While researchers did not take a “deep analytic dive” into the community college characteristics in this report, “there is some clustering there that schools in the northeast that are more geographically located to a lot of these selective schools are more likely to have higher proportions of community college” students transferring to selective schools, Glynn added, “as well as [in] states like California that have really robust partnerships” between four-year schools and community colleges in the state.

However, JKCF leaders highlighted the importance of intentionality in institutional efforts to better target, recruit, enroll and support community college transfer students.

Having leaders say, “‘We are interested in building these pathways,’ ‘We want to extend our faculty connections out to the faculty at local community colleges’ and ‘We want to create programs to bring community college students on to our campus so we can talk about the possibilities for transferring’ … that institutional purpose set goes a long way,” Glynn said.

The foundation’s latest report aims to spark conversations at selective institutions to encourage them to look at their own disaggregated data about transfer student groups. Data analyses and ongoing conversations about recruiting and supporting transfer community college students can help selective institutions who want to diversify their student body in terms of first-generation status, socioeconomic status, age and more, leaders said.

“Enrollment management is going to require a new and deeper look at community college students,” added Giuseppe “Seppy” Basili, executive director of the Cooke Foundation.

“Admissions officers at selective colleges and universities should seek out these high-achievers to support institutional goals including campus diversity and degree completion,” Basili said in a separate statement. “The performance of students like our Cooke Transfer Scholars exemplify the incredible potential of this group.”

Luis Rosales, a Cooke Transfer Scholar who transferred from Montgomery College to Georgetown University, said that the support he received at his community college helped him navigate the transfer process. As a finance major and government minor, he is now on track to graduate from Georgetown this spring.
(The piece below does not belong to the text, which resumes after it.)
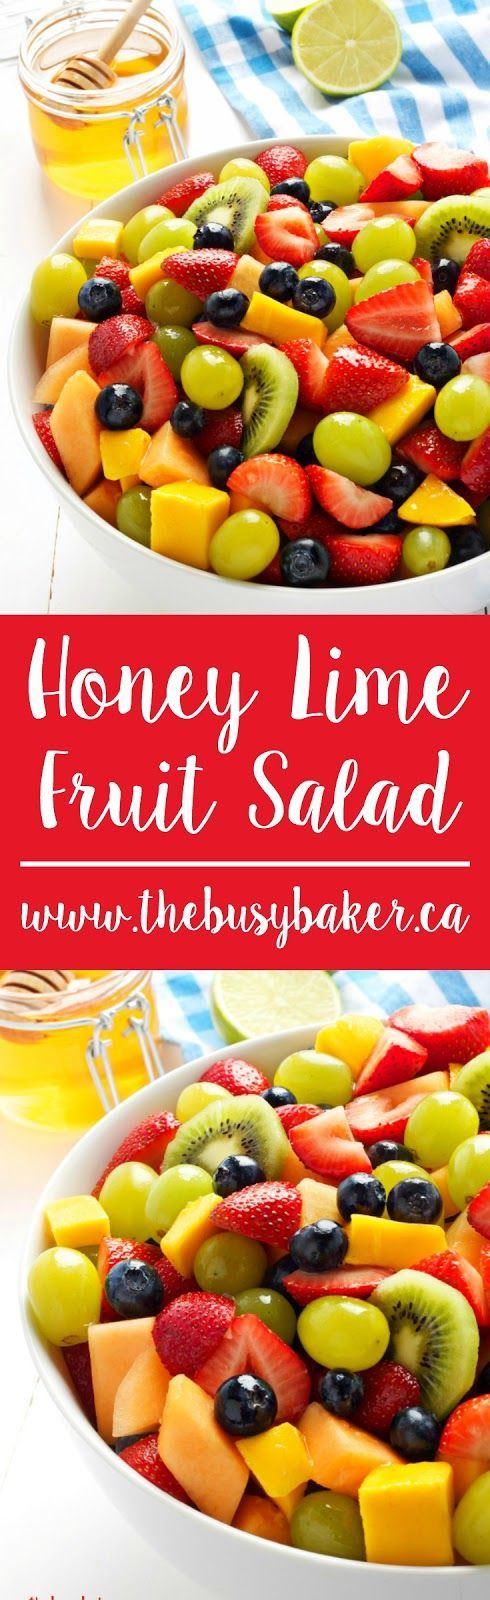 Honey Lime Fruit Salad www.thebusybaker.ca

“I wasn’t even thinking of transferring to begin with but seeing other students a year above me on top of their schoolwork and on top of their transfer applications and essays set an example for me,” Rosales said. In addition, supportive professors — including one who helped with his Cooke Scholarship application — and a community of Cooke Scholars helped the first-generation student.

“I’ve had so much support … It just goes to show the power that community colleges can have on students,” Rosales added. “Frankly, I don’t know if I would’ve been the student that I am now if it weren’t for Montgomery College.”

Rosales admits that there are a lot of nuances and challenges that come along with being a community college transfer student no matter what institution a student transfers too.

“Community colleges … you can make the most of it, and they can provide the skills to succeed at a four-year school or at least be competent and be able to hold yourself up,” he said.

The Jack Kent Cooke Foundation will conduct a follow-up study with the National Student Clearinghouse over the next year that identifies the community colleges that send the highest amount of students to selective colleges as well as four-year institutions that enroll the highest amount of transfer students from two-year schools.

“In places where these numbers are higher, is that because it’s an intentional commitment on the part of the institution? Is it primarily being driven by geographics or budget considerations? What are the factors that have led some selective institutions to be more likely to enroll more community college students?” Glynn asked.